Screenshot: where to find your API key. Create one at playground.induslabs.io/register
{
"text": "Hello, this is a test request.",
"voice": "Indus-hi-maya",
"output_format": "wav",
"model": "indus-tts-v1",
"api_key": "YOUR_API_KEY",
"normalize": true,
"stream": true,
"speed": 1,
"pitch_shift": 0,
"loudness_db": 0,
"sample_rate": 24000
}
| Name | Type | Default | Description |
|---|---|---|---|
text | string | required | The text to be synthesized into speech. |
voice | string | Indus-hi-maya | The voice model to be used (e.g., "Indus-hi-maya"). |
output_format | string | wav | Audio format for output (e.g., "wav", "mp3", "pcm"). |
model | string | indus-tts-v1 | The TTS model to use (e.g., "indus-tts-v1"). |
api_key | string | required | Authentication API key. |
normalize | boolean | true | Whether to normalize text before synthesis (default: true). |
stream | boolean | true | Whether to stream the output (default: true). |
speed | number | 1 | Speed of speech synthesis (default: 1). |
pitch_shift | number | 0 | Pitch shift adjustment (default: 0). |
loudness_db | number | 0 | Loudness adjustment in decibels (default: 0). |
sample_rate | number | 24000 | Audio sample rate in Hz.
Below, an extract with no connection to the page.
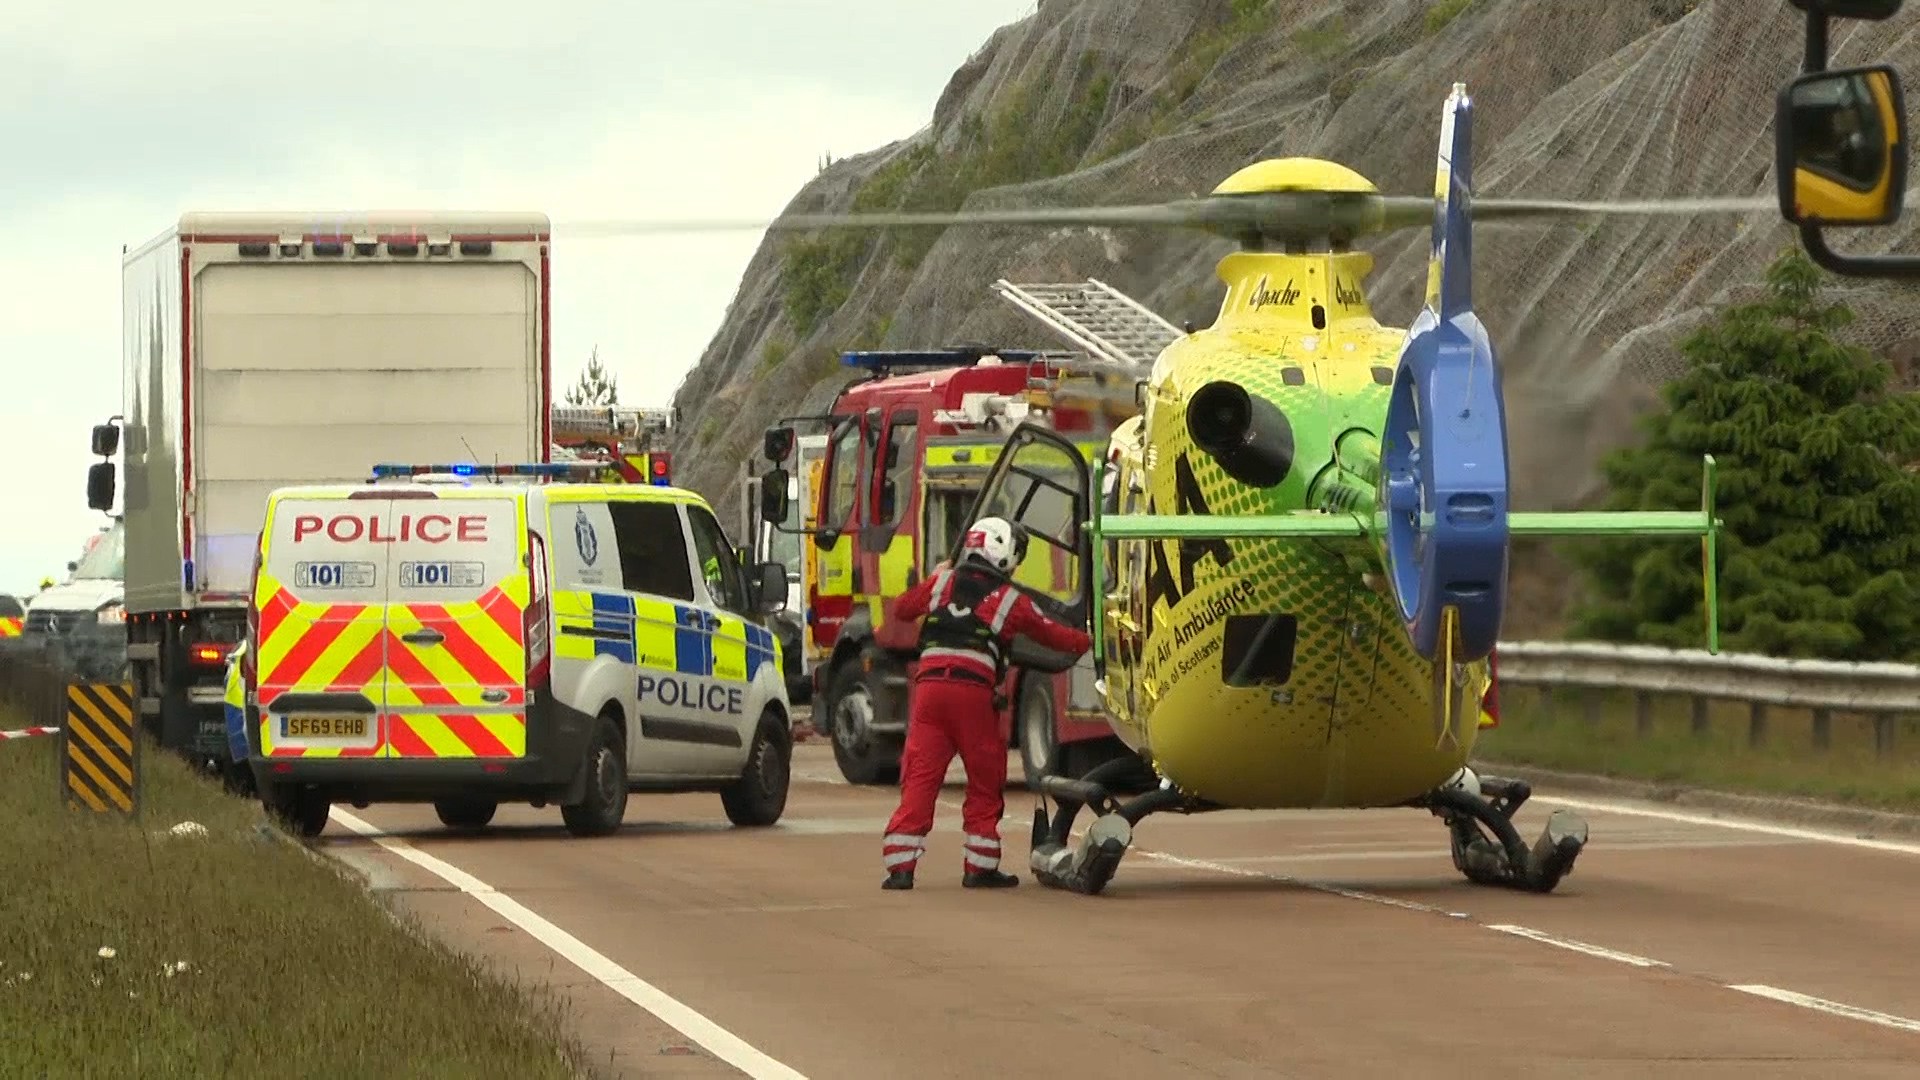 The charity currently operates two helicopters, both EC135-T2is, from their bases in Perth and Aberdeen.

Accepted values: 24000 (recommended), 16000, 8000. |
/v1/audio/speechThis endpoint is used to synthesize speech (TTS - Text-to-Speech) and stream the audio data.
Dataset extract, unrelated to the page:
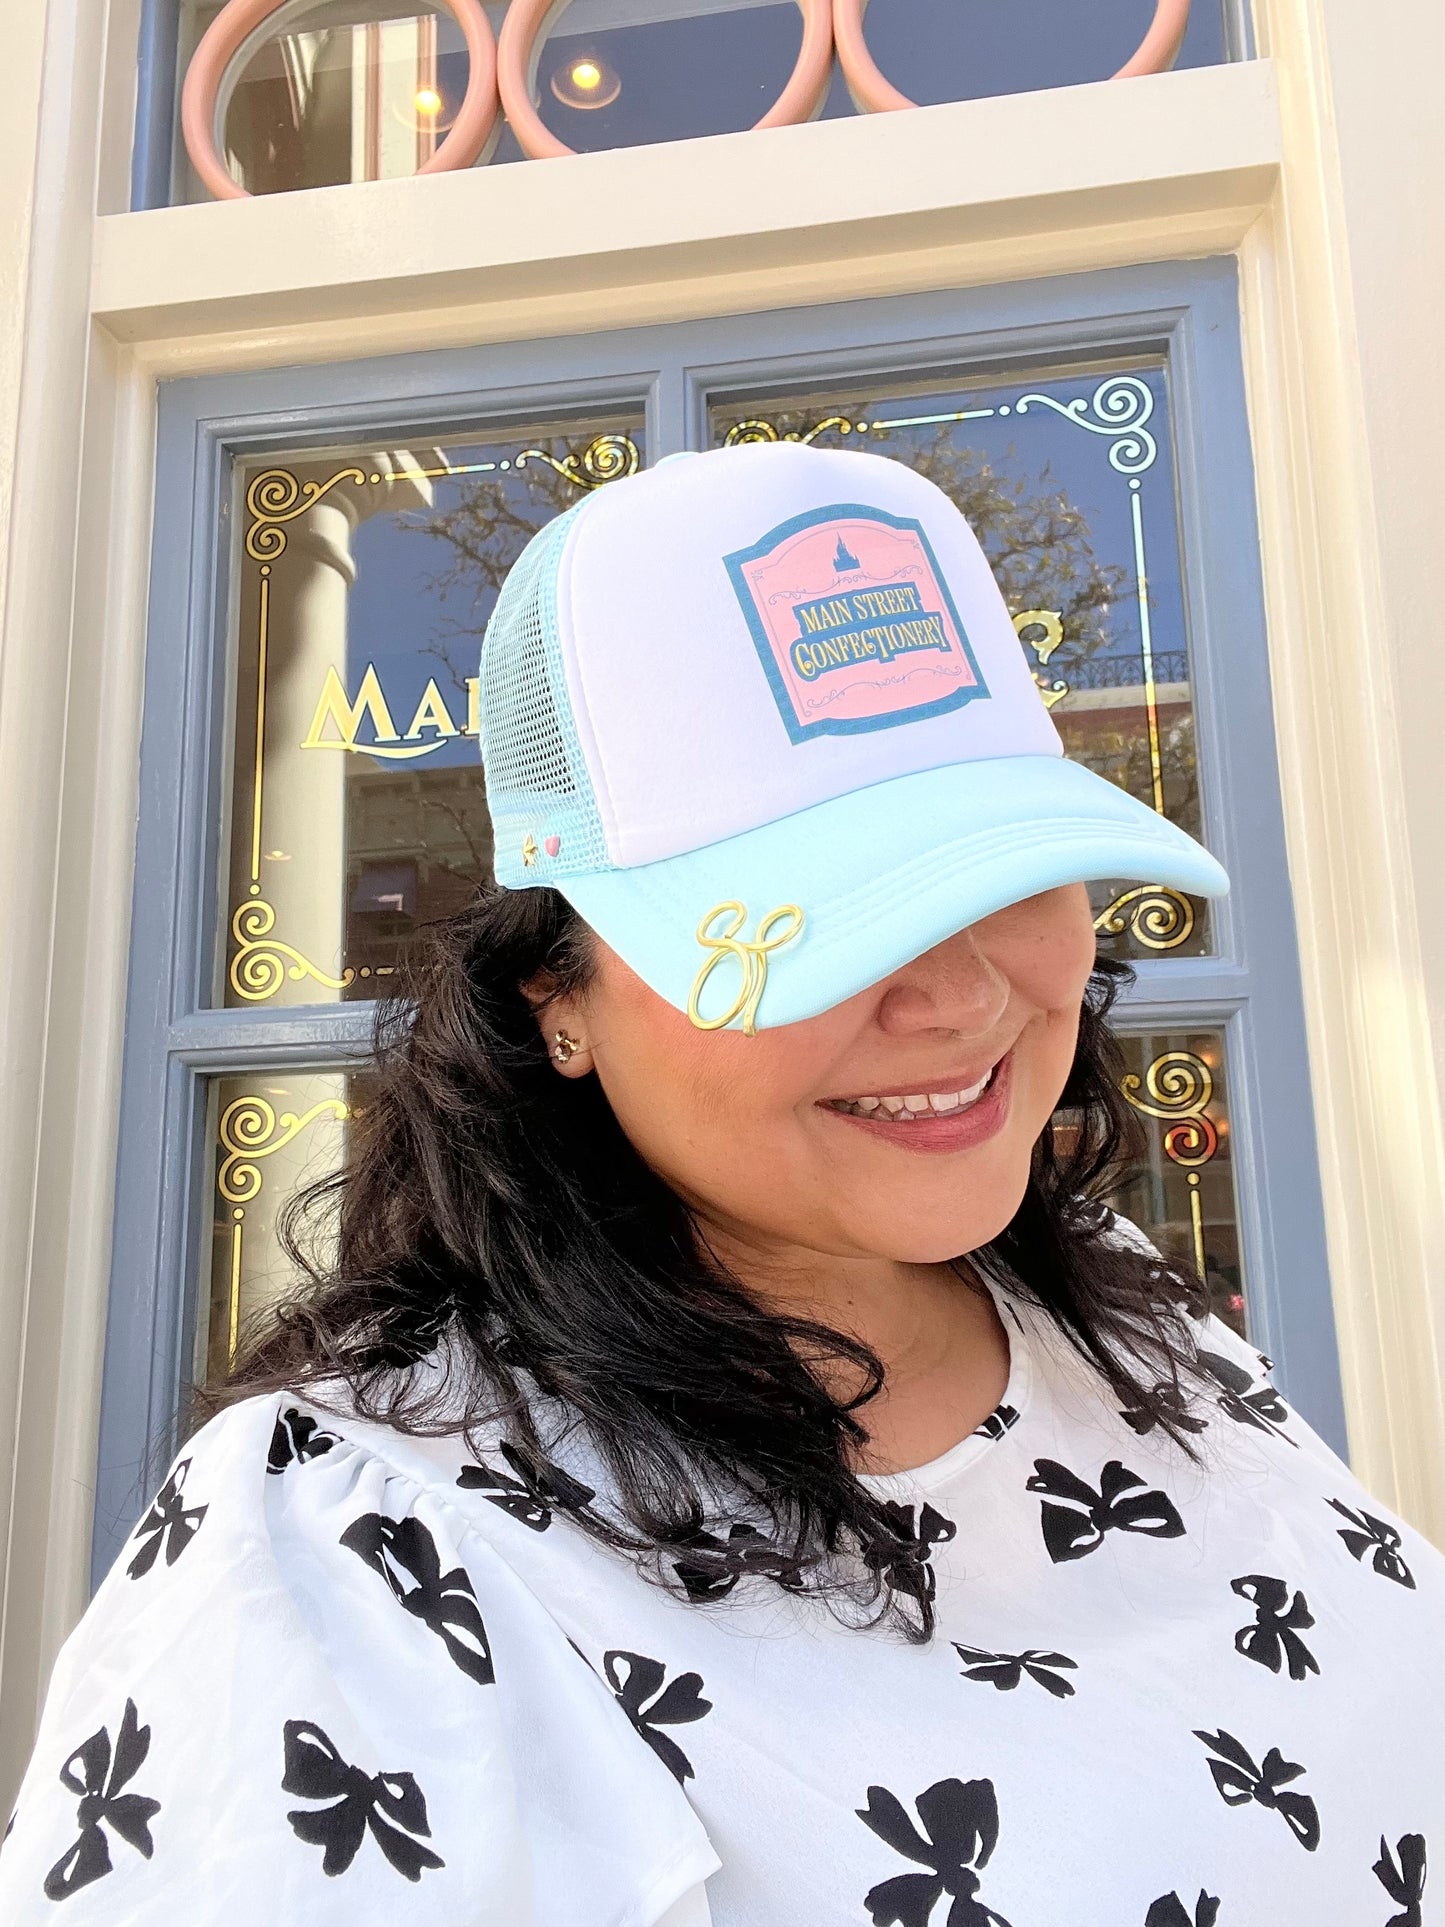 Main St Confectionery blue trucker hat

| Name | Type | Default | Description |
|---|---|---|---|
text | string | required | The text to be synthesized into speech. |
voice | string | Indus-hi-maya | The voice model to be used (e.g., "Indus-hi-maya"). |
output_format | string | wav | Audio format for output (e.g., "wav", "mp3", "pcm"). |
model | string | indus-tts-v1 | The TTS model to use (e.g., "indus-tts-v1"). |
api_key | string | required | Authentication API key. |
normalize | boolean | true | Whether to normalize text before synthesis (default: true). |
stream | boolean | true | Whether to stream the output (default: true). |
speed | number | 1 | Speed of speech synthesis (default: 1). |
pitch_shift | number | 0 | Pitch shift adjustment (default: 0). |
loudness_db | number | 0 | Loudness adjustment in decibels (default: 0). |
sample_rate | number | 24000 | Audio sample rate in Hz. Accepted values: 24000 (recommended), 16000, 8000. |
| Status | Type | Default | Description |
|---|---|---|---|
200 OK | audio/wav | - | Returns synthesized speech audio as binary data. |
422 Validation Error | application/json | - | Validation failure. Inspect detail array. |
Binary audio data (WAV format)
{
"detail": [
{
"loc": ["string", 0],
"msg": "string",
"type": "string"
}
]
}
/v1/audio/speech/fileThis endpoint is used to synthesize speech (TTS - Text-to-Speech) and return the complete audio file as a downloadable file.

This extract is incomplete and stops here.